EXERCISE MATERIALS:
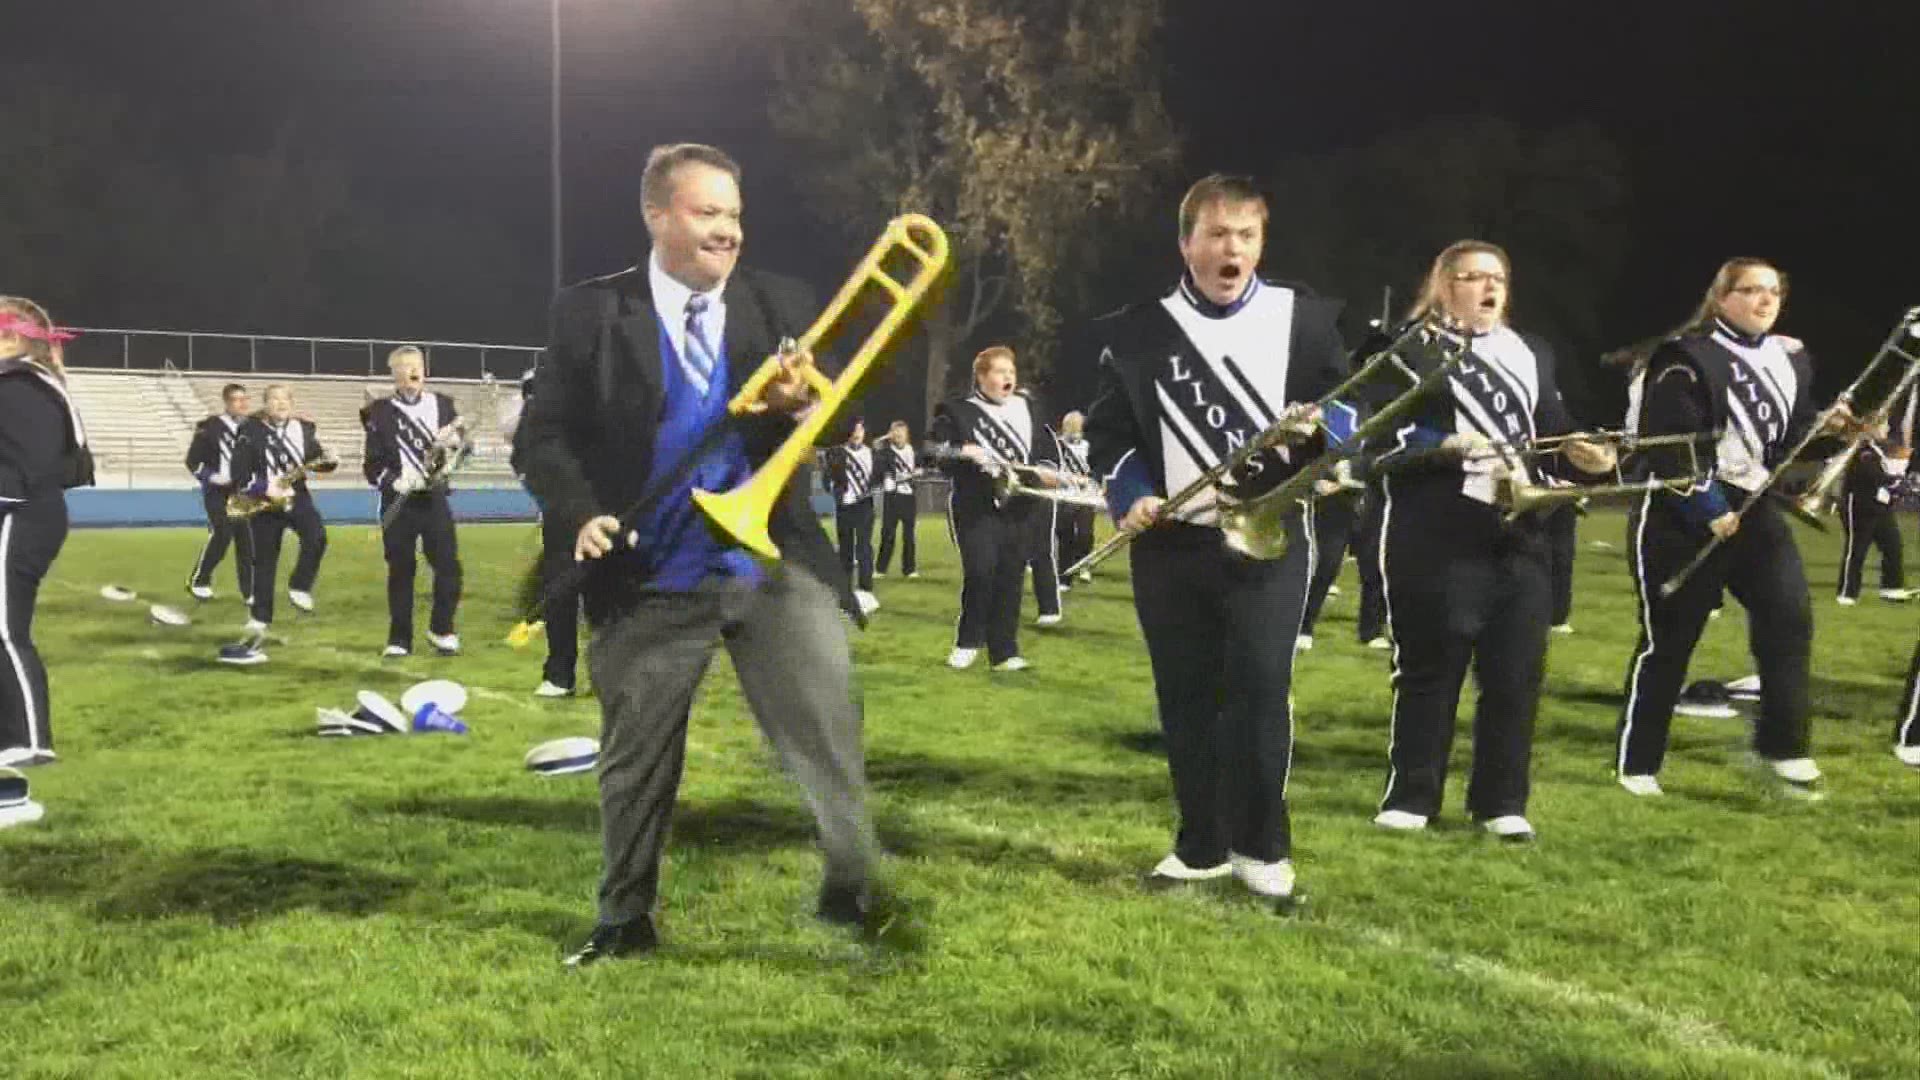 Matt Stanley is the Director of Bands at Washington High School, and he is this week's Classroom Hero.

...

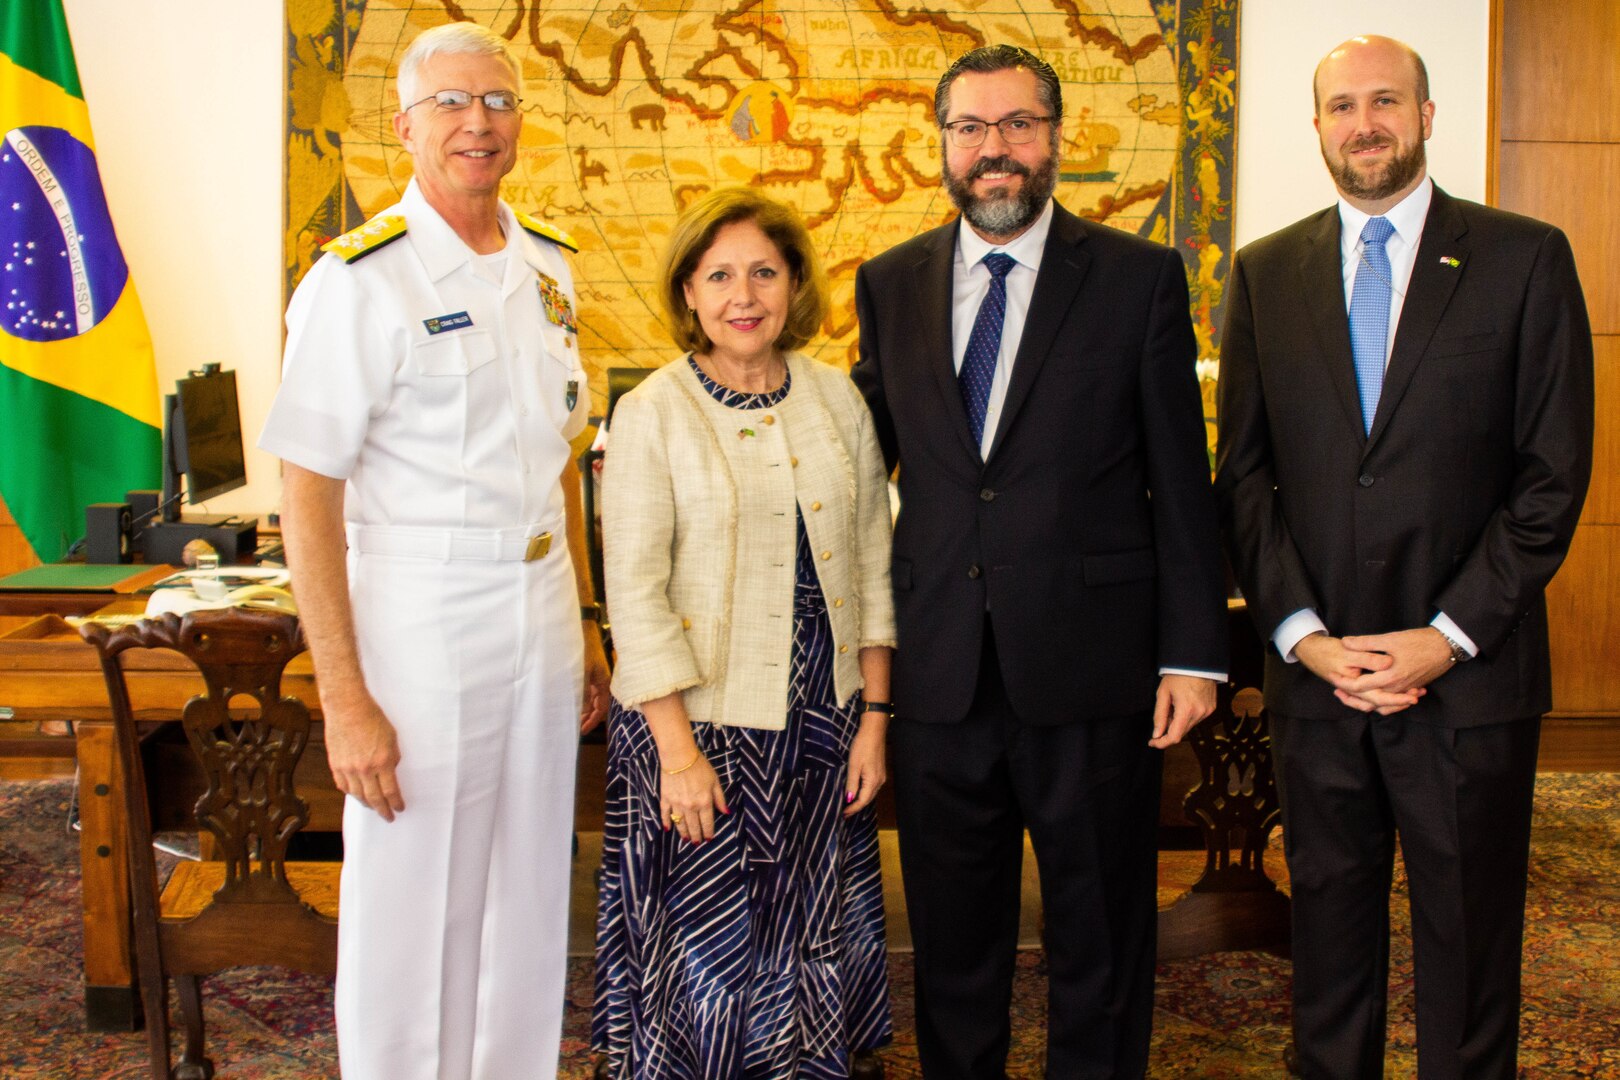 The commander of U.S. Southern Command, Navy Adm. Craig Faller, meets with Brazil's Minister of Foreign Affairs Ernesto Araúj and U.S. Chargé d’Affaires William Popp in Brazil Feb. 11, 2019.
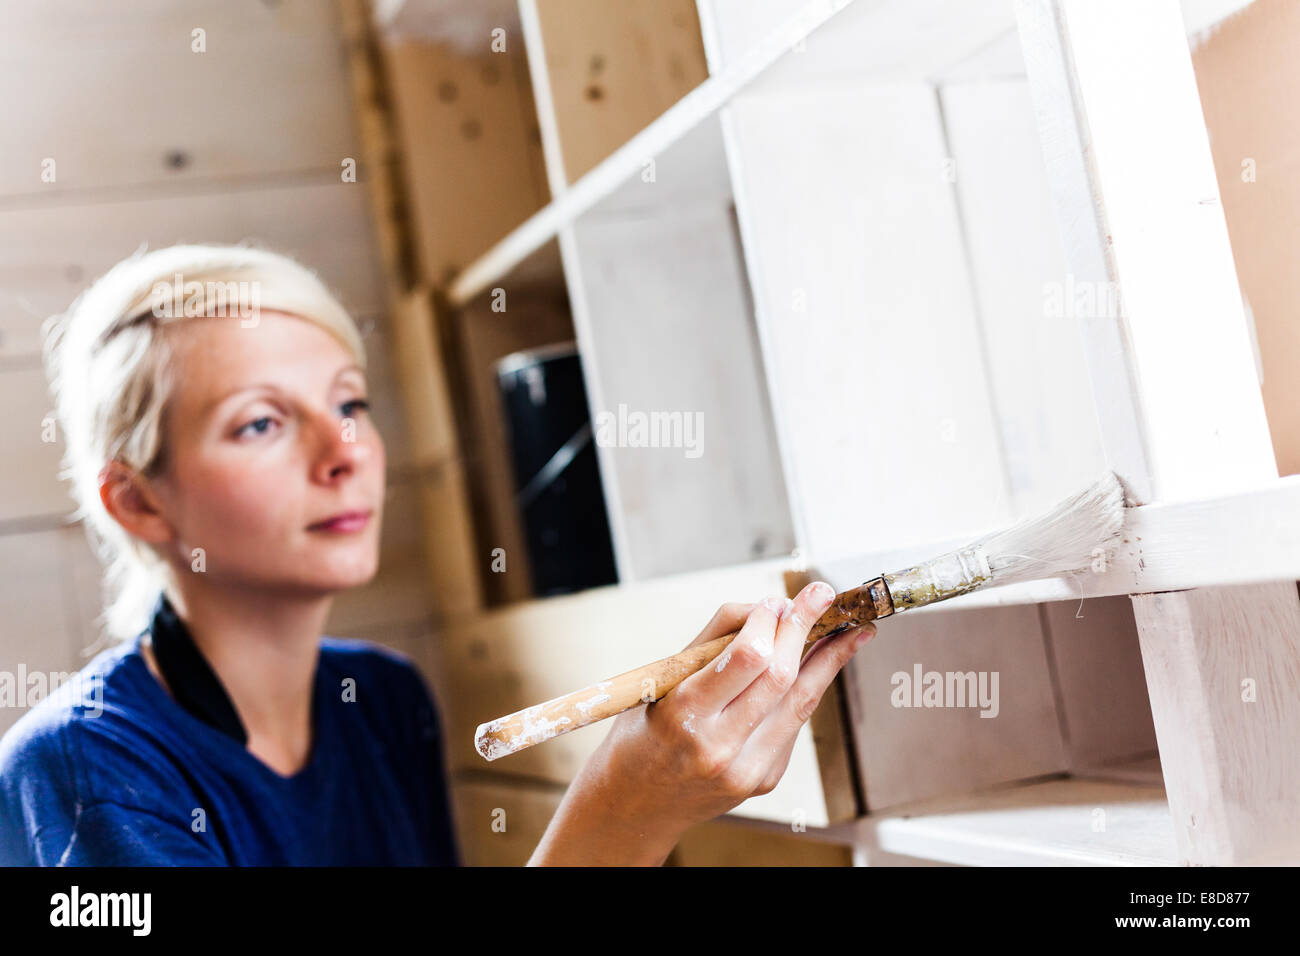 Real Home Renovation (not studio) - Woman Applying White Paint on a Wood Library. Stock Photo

WORK ORDER:
Output exactly the lines of the listing above that start with the one holding "The commander of" and go on through the one holding "Real Home Renovation"; leave the pictures out.

TASK RESPONSE:
 The commander of U.S. Southern Command, Navy Adm. Craig Faller, meets with Brazil's Minister of Foreign Affairs Ernesto Araúj and U.S. Chargé d’Affaires William Popp in Brazil Feb. 11, 2019.
 Real Home Renovation (not studio) - Woman Applying White Paint on a Wood Library. Stock Photo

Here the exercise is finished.